À la lumière des résultats de la dernière élection fédérale, on peut dire que le vote stratégique n'est pas vraiment ce qui caractérise l'électeur québécois. Le nombre de candidats du Nouveau Parti démocratique élus contre toute attente montre que les Québécois ont voté «avec leurs tripes» plutôt que pour le candidat le plus susceptible de l'emporter.
Ce comportement, qui s'est en fait avéré gagnant à la surprise générale, n'est pas celui auquel les politologues s'attendent dans un système électoral à un tour. «Dans un système comme le nôtre, l'électeur est plus porté à voter avec la tête qu'avec le cœur pour ne pas perdre son vote; il vote donc normalement pour un candidat qui a des chances de gagner l'élection», souligne André Blais, professeur au Département de science politique de l'Université de Montréal.
Cela conduit souvent à voter pour un candidat de second choix parce qu'il a plus de chances de l'emporter ou parce qu'il est plus susceptible d'en évincer un troisième qu'on désapprouve encore davantage. C'est ce qu'on appelle le vote stratégique.
«Dans un système à deux tours, les électeurs votent avec le cœur au premier tour pour celui qui est le plus près de leurs convictions et peuvent se reprendre au second tour en votant avec la tête», ajoute le professeur.
Les extrêmes en mouvance
C'est du moins ainsi que les politologues voyaient les choses. Cette perception a été mise en doute par des analyses récentes réalisées aux États-Unis et en France et qui semblaient montrer que les électeurs peuvent également voter de façon stratégique dans un système à deux tours alors que ce comportement était peut-être moins fréquent qu'on le croyait dans un système à un tour.
André Blais et une équipe de chercheurs français ont voulu éclaircir la question en effectuant la première étude testant l'attitude des électeurs dans deux modes différents de scrutin. En laboratoire, huit groupes de 21 personnes localisées à Montréal, Lille et Paris ont participé à une expérience simulant quatre élections à un tour et quatre autres à deux tours. Chaque élection mettait en lice cinq candidats répartis entre l'extrême gauche et l'extrême droite et les électeurs se voyaient attribuer au hasard une place sur le même axe politique gauche-droite. On demandait aussi aux participants d'évaluer les chances que leur candidat soit élu.
«L'objectif était de voir si les électeurs se comportent de la même manière dans les deux modes de scrutin», précise André Blais. En tenant compte des avantages pour l'électeur que son candidat soit élu de même que des chances de celui-ci de remporter l'élection, les résultats indiquent que la différence de comportement dans un système à un tour et dans un système à deux tours est plus faible que ce que les experts estimaient.

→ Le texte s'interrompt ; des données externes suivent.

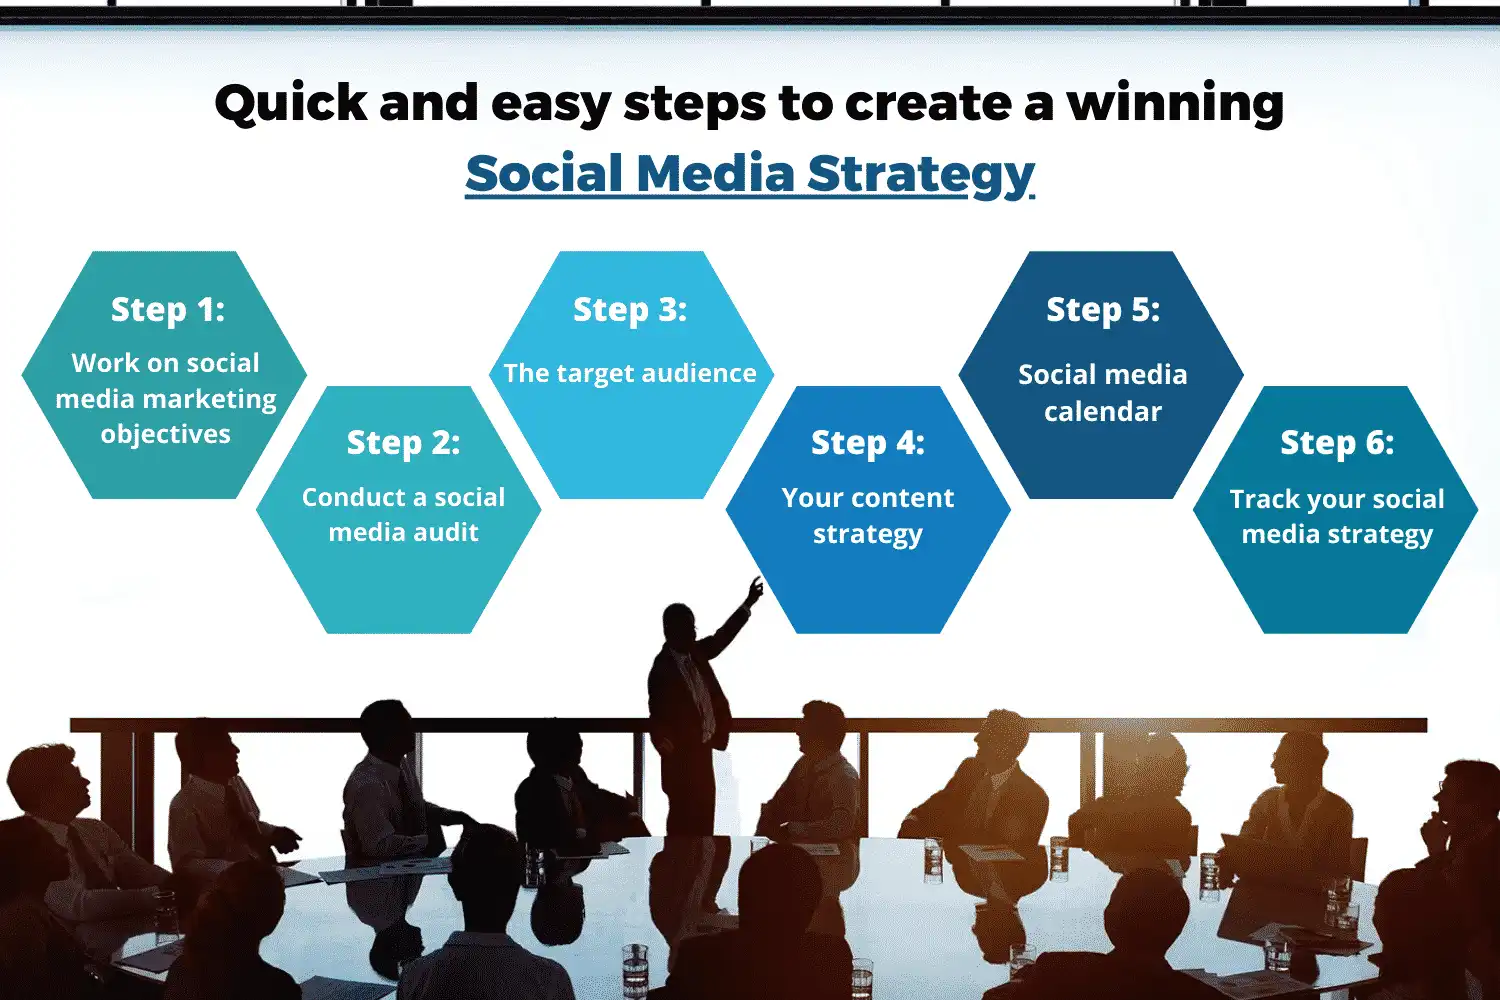 10-Step for Social Media Strategy Success for your business

«Il y a effectivement plus de votes stratégiques dans le système à un tour, mais ce comportement se manifeste plus souvent que prévu dans le scrutin à deux tours», observe le professeur.
Ce sont les électeurs situés aux deux extrêmes qui modifient le plus leur comportement, donc qui sont les plus enclins à voter de façon stratégique. Au fil des quatre élections, leur proportion à voter pour d'autres candidats que celui de leur allégeance politique passe de 25 à 50 %.
Dans les deux systèmes, l'électeur ne vote donc pas uniquement en fonction de ses préférences, mais tient aussi compte de la viabilité du candidat, c'est-à -dire de ses chances de gagner, concluent les chercheurs dans une analyse qui vient d'être publiée dans la revue Political Research Quaterly.
Même chose des deux côtés de l'Atlantique
L'équipe franco-québécoise s'attendait par ailleurs à ce que les résultats diffèrent entre la France et le Québec étant donné les cultures et les systèmes électoraux différents. Mais les résultats se sont avérés les mêmes des deux côtés de l'Atlantique.
Ces résultats, qui démontrent l'existence du vote stratégique dans un système à deux tours, confirment ce qui a été observé en France à l'élection présidentielle de 2002 et au cours de laquelle le candidat socialiste Lionel Jospin a été éliminé au premier tour. «La gauche avait voulu lancer un avertissement au Parti socialiste en ne soutenant pas son candidat sans penser toutefois que cela mènerait à éliminer M. Jospin», affirme André Blais.
Il y a donc aussi des risques à voter de manière stratégique dans un système à deux tours, comme il y a des risques à ne pas être stratégique dans un système à un tour, ainsi qu'on a pu le constater lors de la dernière élection fédérale.